Early in Classical Greece, knowledge that the Earth is spherical ("round") was common. Around 240 BCE, as the result of a seminal experiment, Eratosthenes (276–194 BCE) accurately estimated its circumference. In contrast to Aristotle's geocentric views, Aristarchus of Samos (Greek: Ἀρίσταρχος; c. 310 – c. 230 BCE) presented an explicit argument for a heliocentric model of the Solar System, i.e. for placing the Sun, not the Earth, at its centre. Seleucus of Seleucia, a follower of Aristarchus' heliocentric theory, stated that the Earth rotated around its own axis, which, in turn, revolved around the Sun. Though the arguments he used were lost, Plutarch stated that Seleucus was the first to prove the heliocentric system through reasoning.
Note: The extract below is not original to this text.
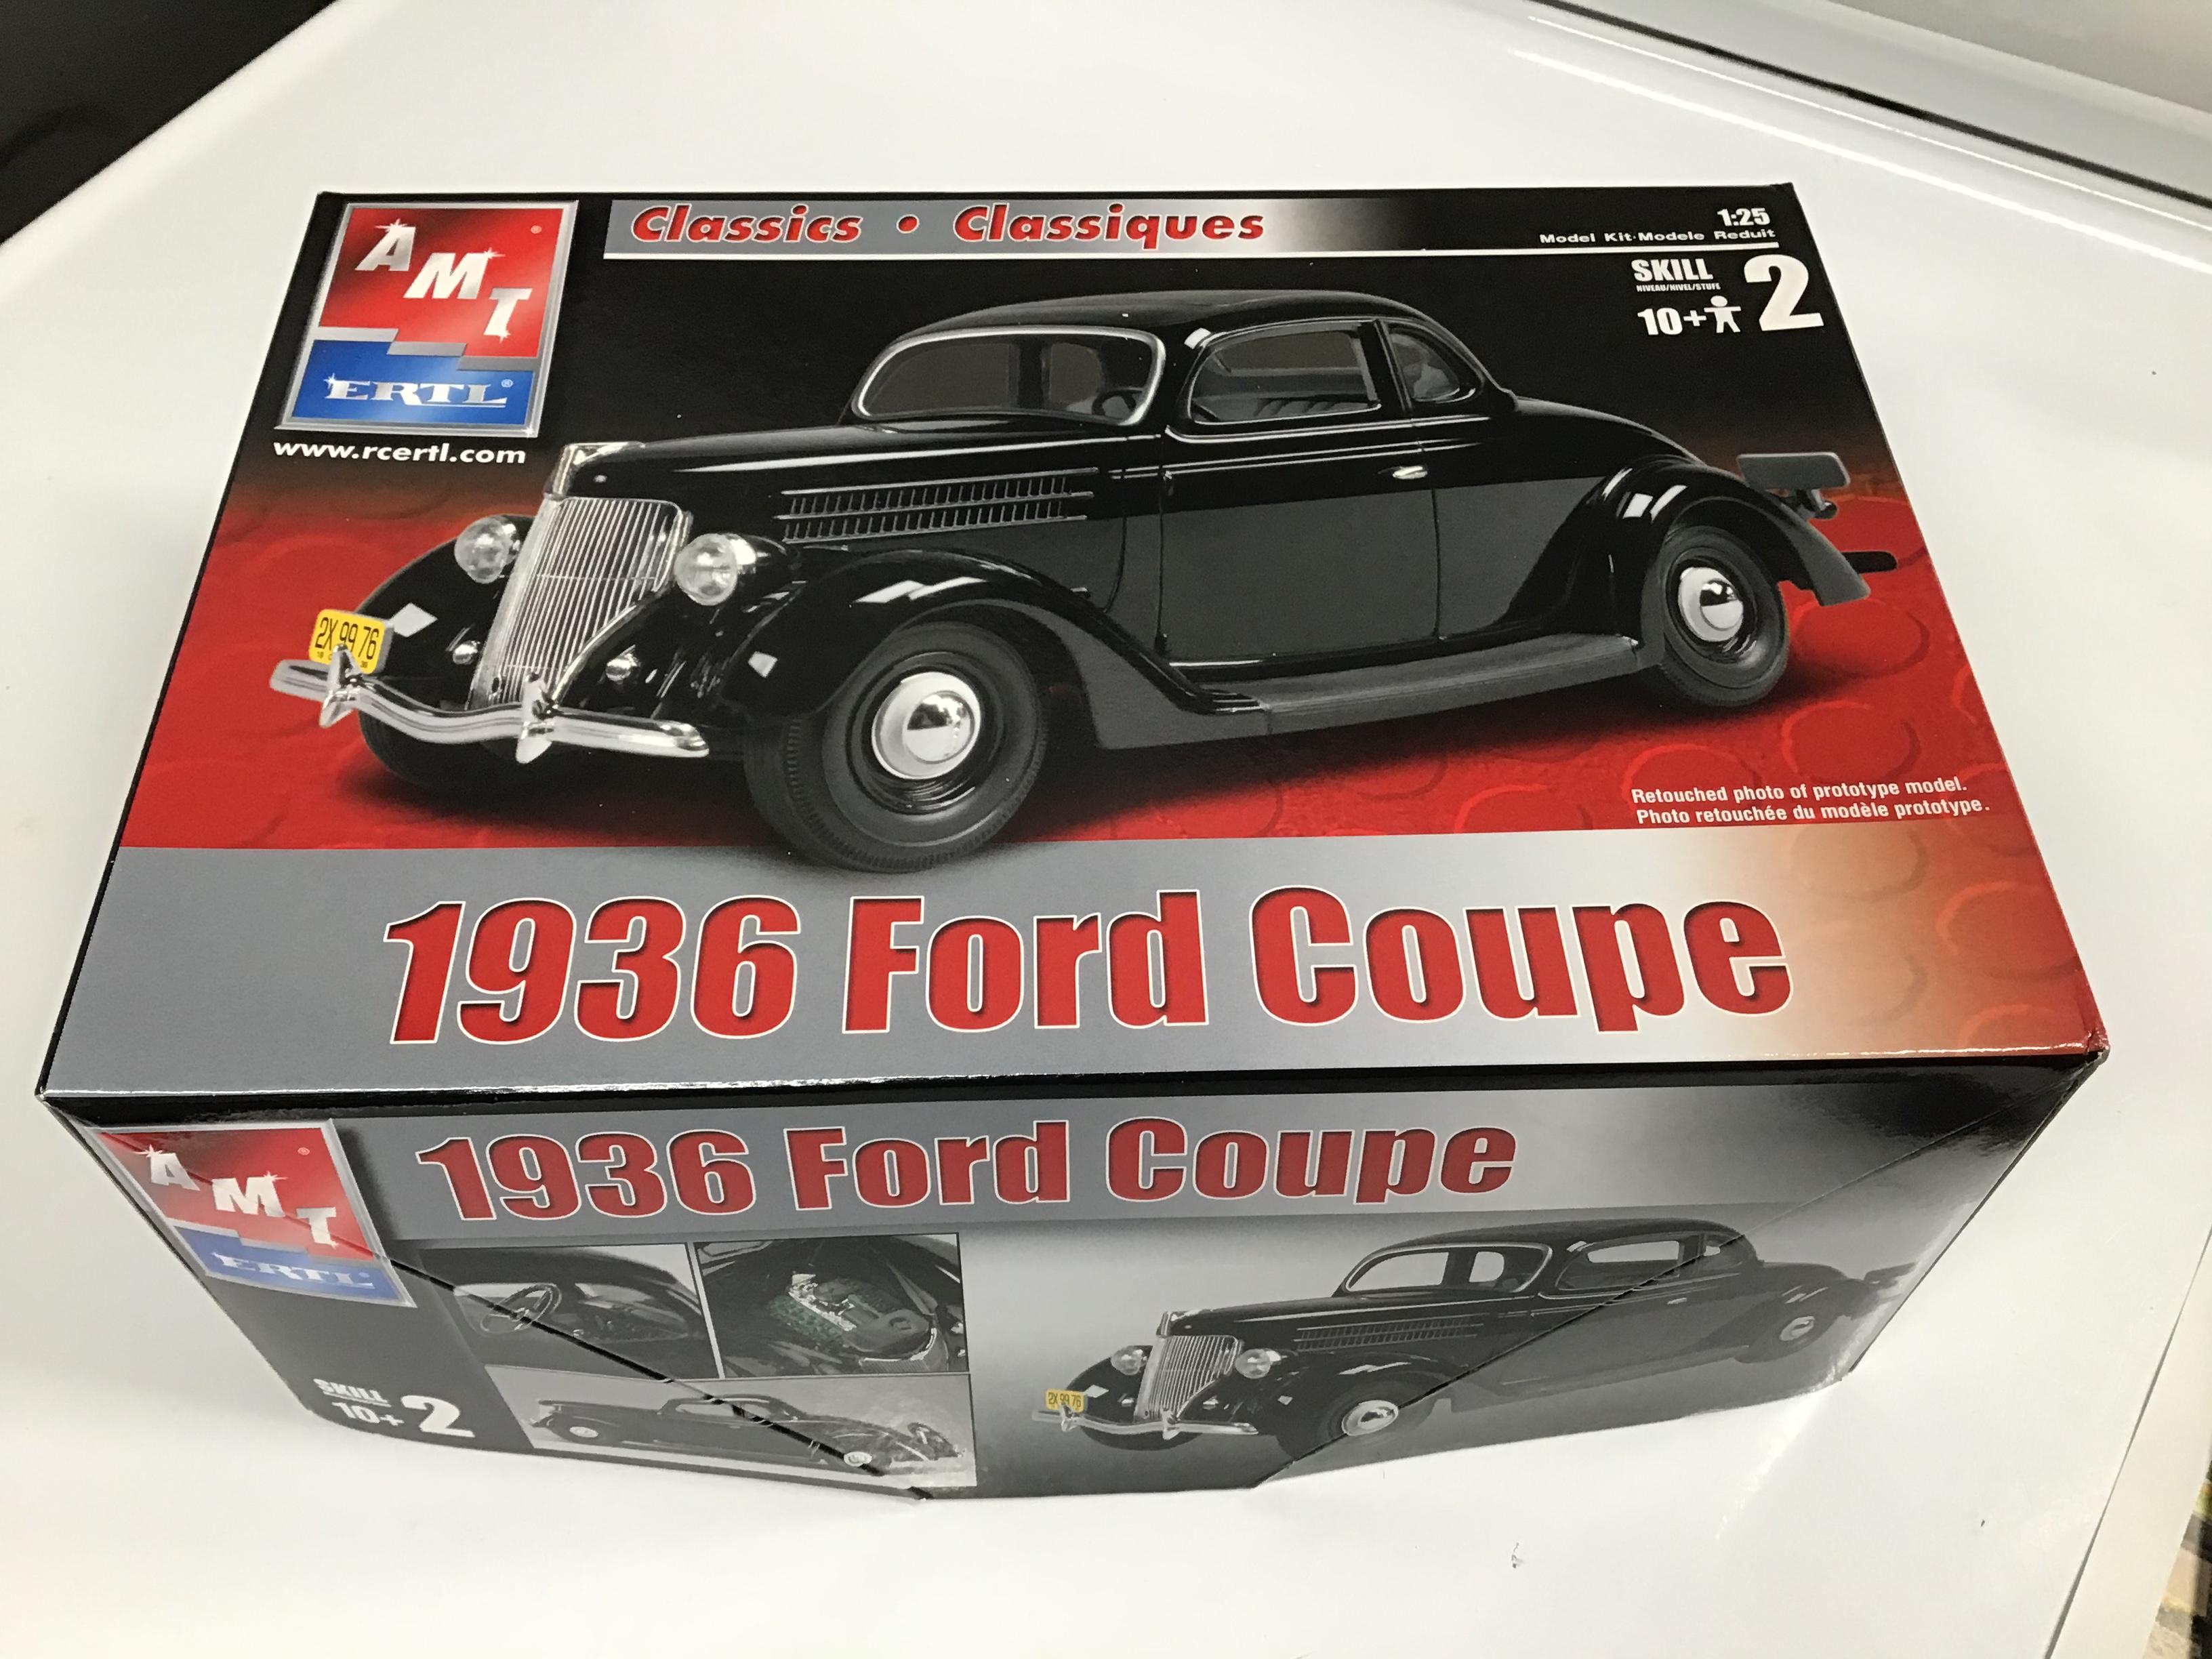 AMT '36 Ford Coupe - WIP: Model Cars - Model Cars Magazine Forum

In the 3rd century BCE, the Greek mathematician Archimedes of Syracuse Greek: Ἀρχιμήδης (287–212 BCE) – generally considered to be the greatest mathematician of antiquity and one of the greatest of all time – laid the foundations of hydrostatics, statics and calculated the underlying mathematics of the lever. A scientist of classical antiquity, Archimedes also developed elaborate systems of pulleys to move large objects with a minimum of effort. The Archimedes' screw underpins modern hydroengineering, and his machines of war helped to hold back the armies of Rome in the First Punic War. Archimedes even tore apart the arguments of Aristotle and his metaphysics, pointing out that it was impossible to separate mathematics and nature and proved it by converting mathematical theories into practical inventions. Furthermore, in his work On Floating Bodies, around 250 BCE, Archimedes developed the law of buoyancy, also known as Archimedes' principle. In mathematics, Archimedes used the method of exhaustion to calculate the area under the arc of a parabola with the summation of an infinite series, and gave a remarkably accurate approximation of pi. He also defined the spiral bearing his name, formulae for the volumes of surfaces of revolution and an ingenious system for expressing very large numbers. He also developed the principles of equilibrium states and centers of gravity, ideas that would influence future scholars like Galileo, and Newton.
Hipparchus (190–120 BCE), focusing on astronomy and mathematics, used sophisticated geometrical techniques to map the motion of the stars and planets, even predicting the times that Solar eclipses would happen. He added calculations of the distance of the Sun and Moon from the Earth, based upon his improvements to the observational instruments used at that time. Another of the early physicists was Ptolemy (90–168 CE) during the time of the Roman Empire. Ptolemy was the author of several scientific treatises, at least three of which were of continuing importance to later Islamic and European science. The first is the astronomical treatise now known as the Almagest (in Greek, Ἡ Μεγάλη Σύνταξις, "The Great Treatise", originally Μαθηματικὴ Σύνταξις, "Mathematical Treatise"). The second is the Geography, which is a thorough discussion of the geographic knowledge of the Greco-Roman world.
Much of the accumulated knowledge of the ancient world was lost. Even of the works of the many respectable thinkers, few fragments survive. Although he wrote at least fourteen books, almost nothing of Hipparchus' direct work survived. Of the 150 reputed Aristotelian works, only 30 exist, and some of those are "little more than lecture notes".